GIVEN DATA START

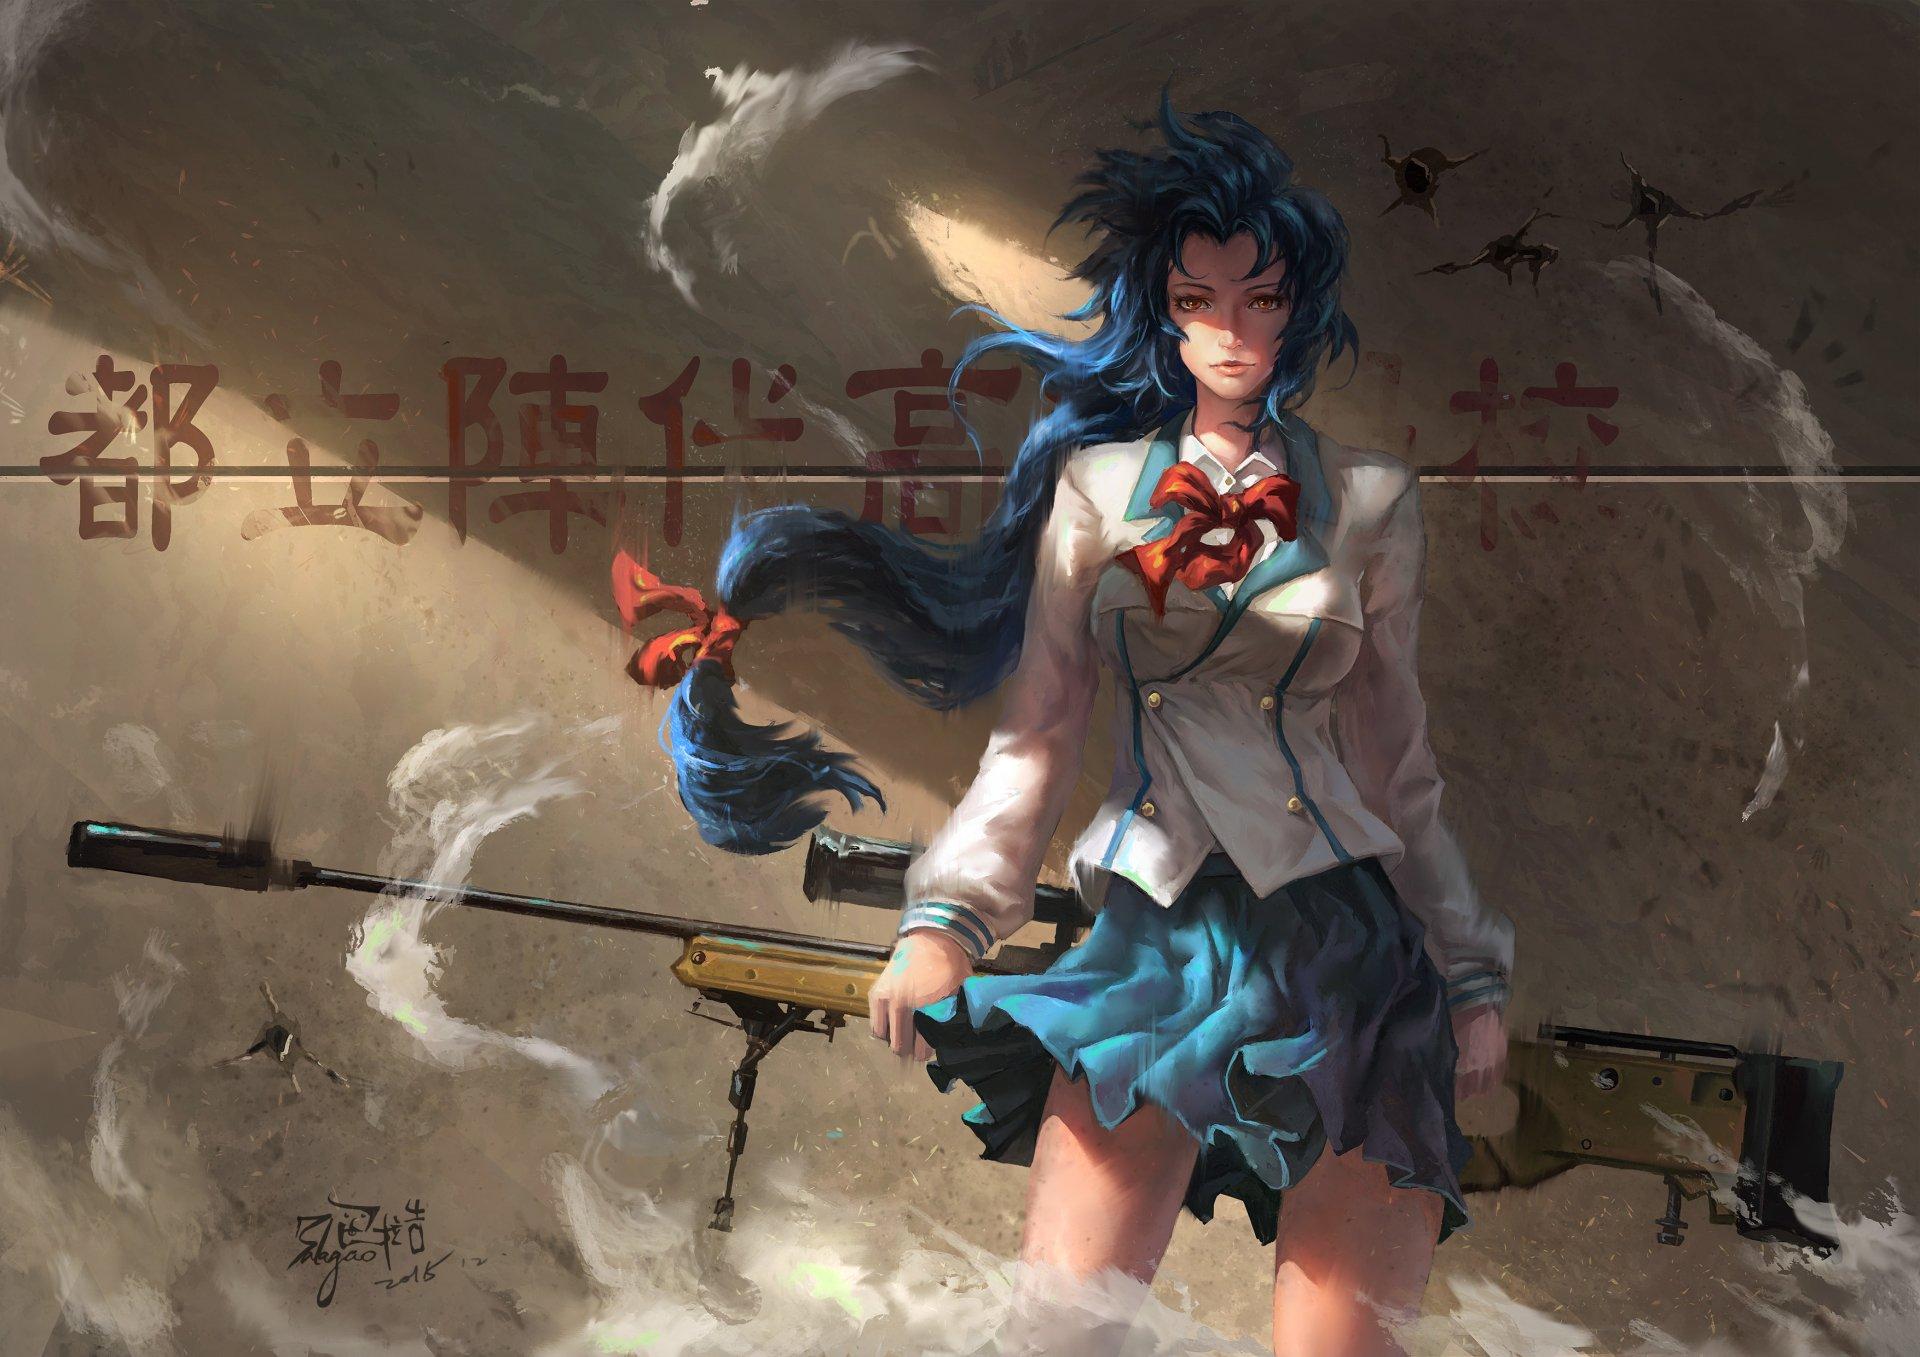 Anime - Full Metal Panic!  Girl School Uniform Skirt Long Hair Red Eyes Blue Hair Sniper Rifle Weapon Wallpaper
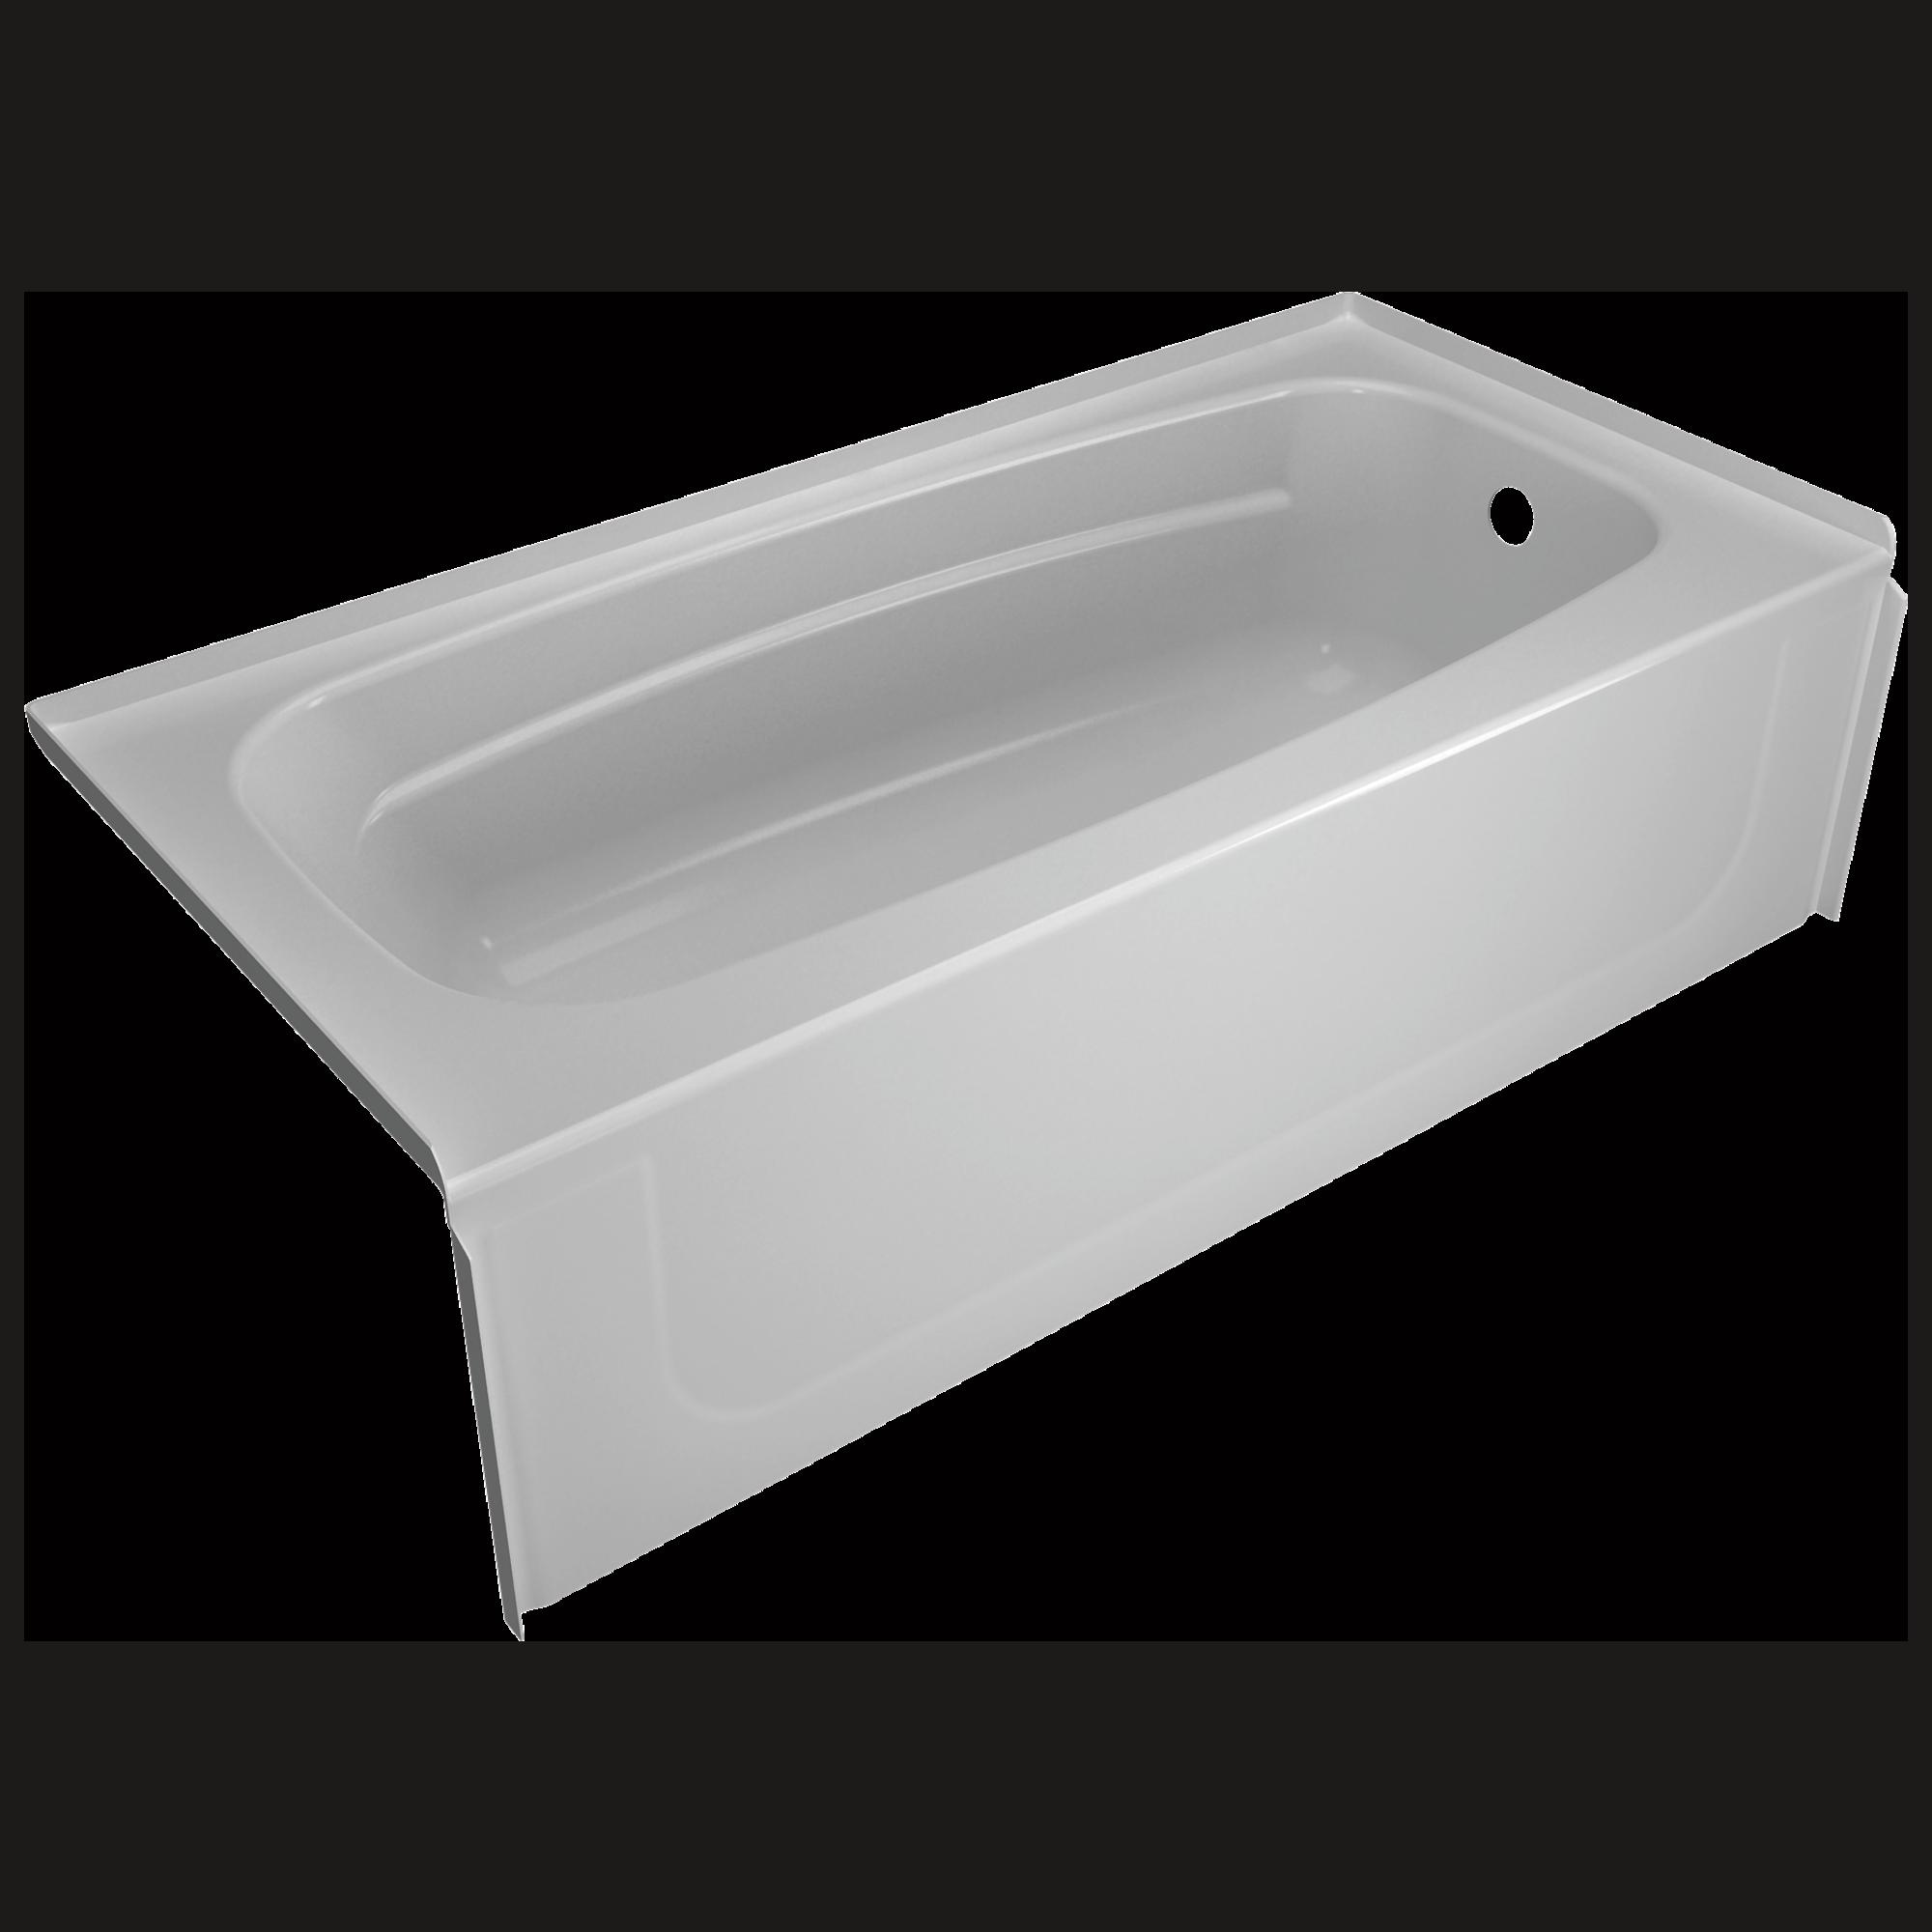 apron pdx x improvement soaking bathtub front wayfair standard studio acrylic home farmhouse farmhouseapron american
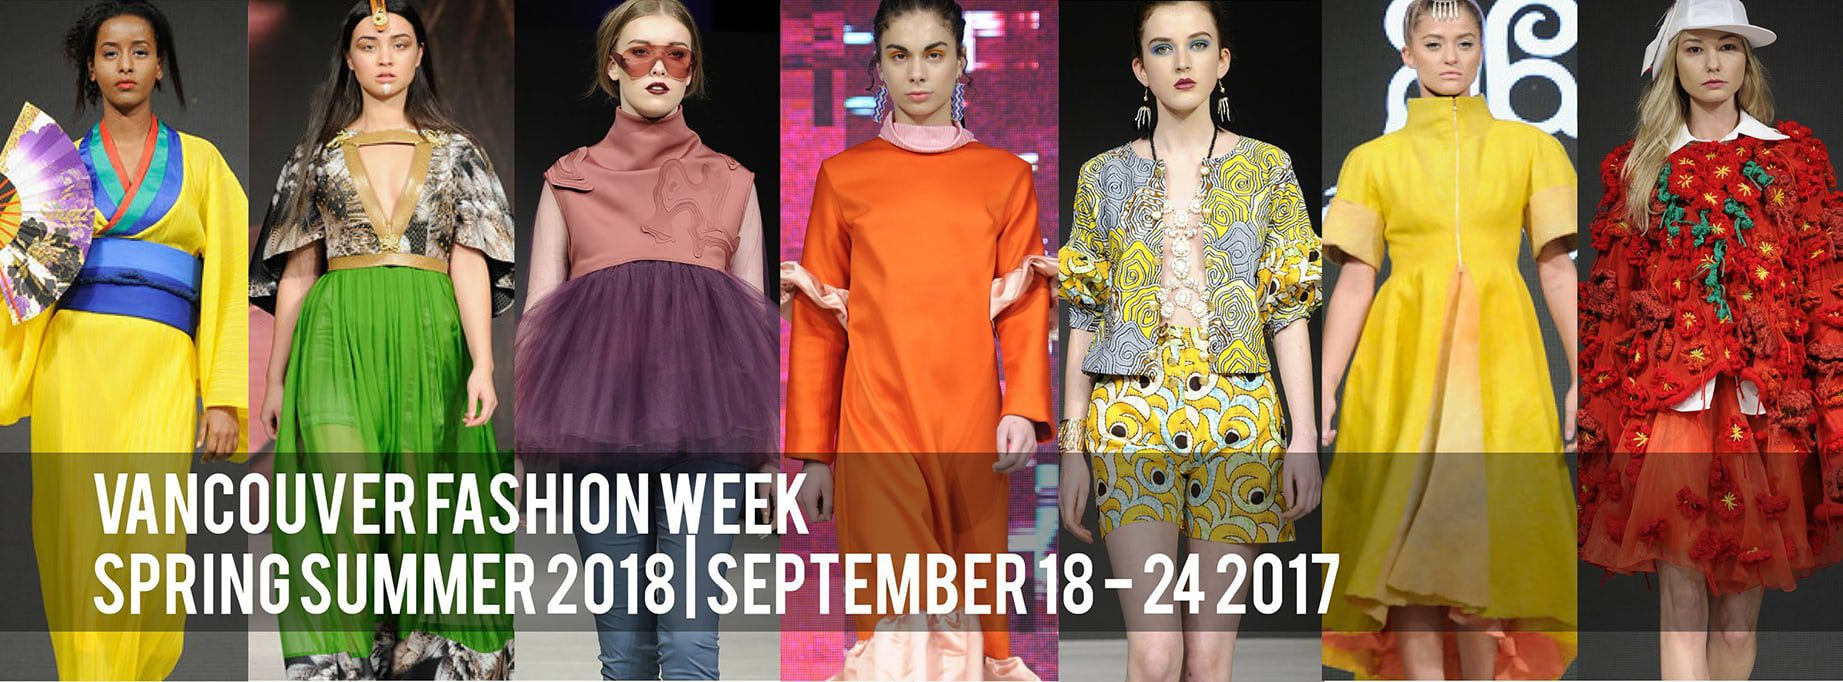 VANCOUVER Fashion Week di Runway Rivista
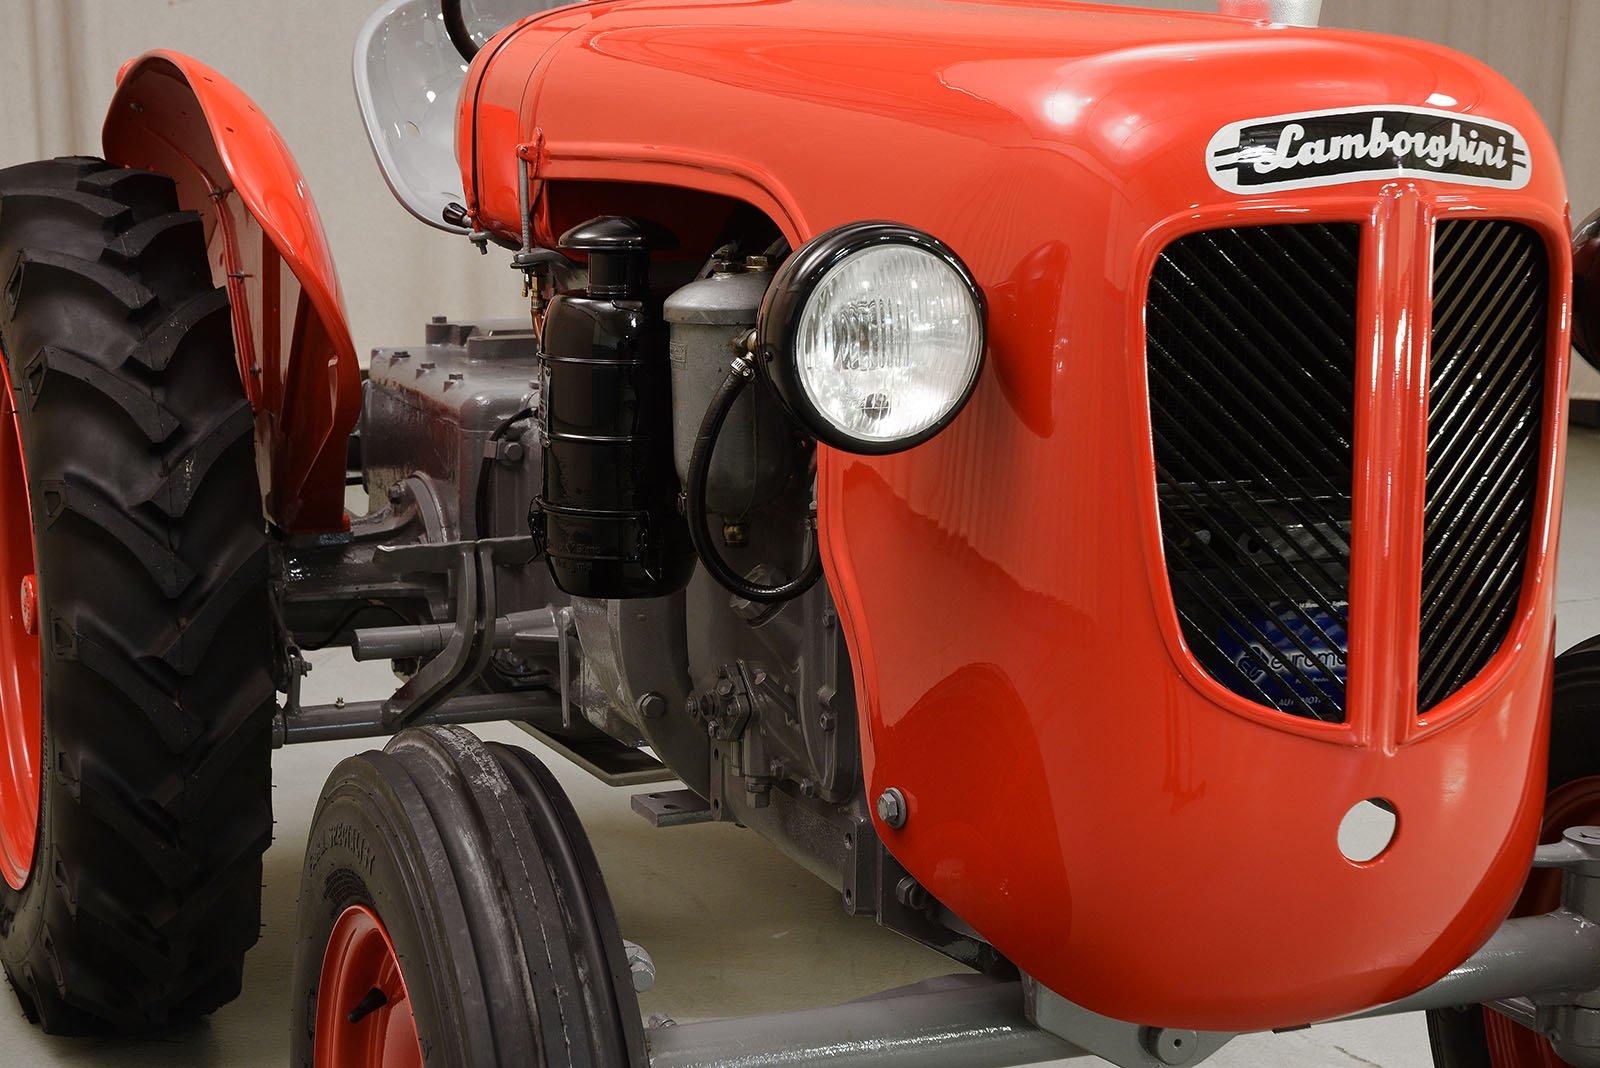 1955 Lamborghini DL 25 Tractor Hyman Ltd Classic Cars

GIVEN DATA END

TASK TO COMPLETE:
Transcribe every line of the listing above exactly; skip the pictures.

EXERCISE RESULT:
 Anime - Full Metal Panic!  Girl School Uniform Skirt Long Hair Red Eyes Blue Hair Sniper Rifle Weapon Wallpaper
 apron pdx x improvement soaking bathtub front wayfair standard studio acrylic home farmhouse farmhouseapron american
 VANCOUVER Fashion Week di Runway Rivista
 1955 Lamborghini DL 25 Tractor Hyman Ltd Classic Cars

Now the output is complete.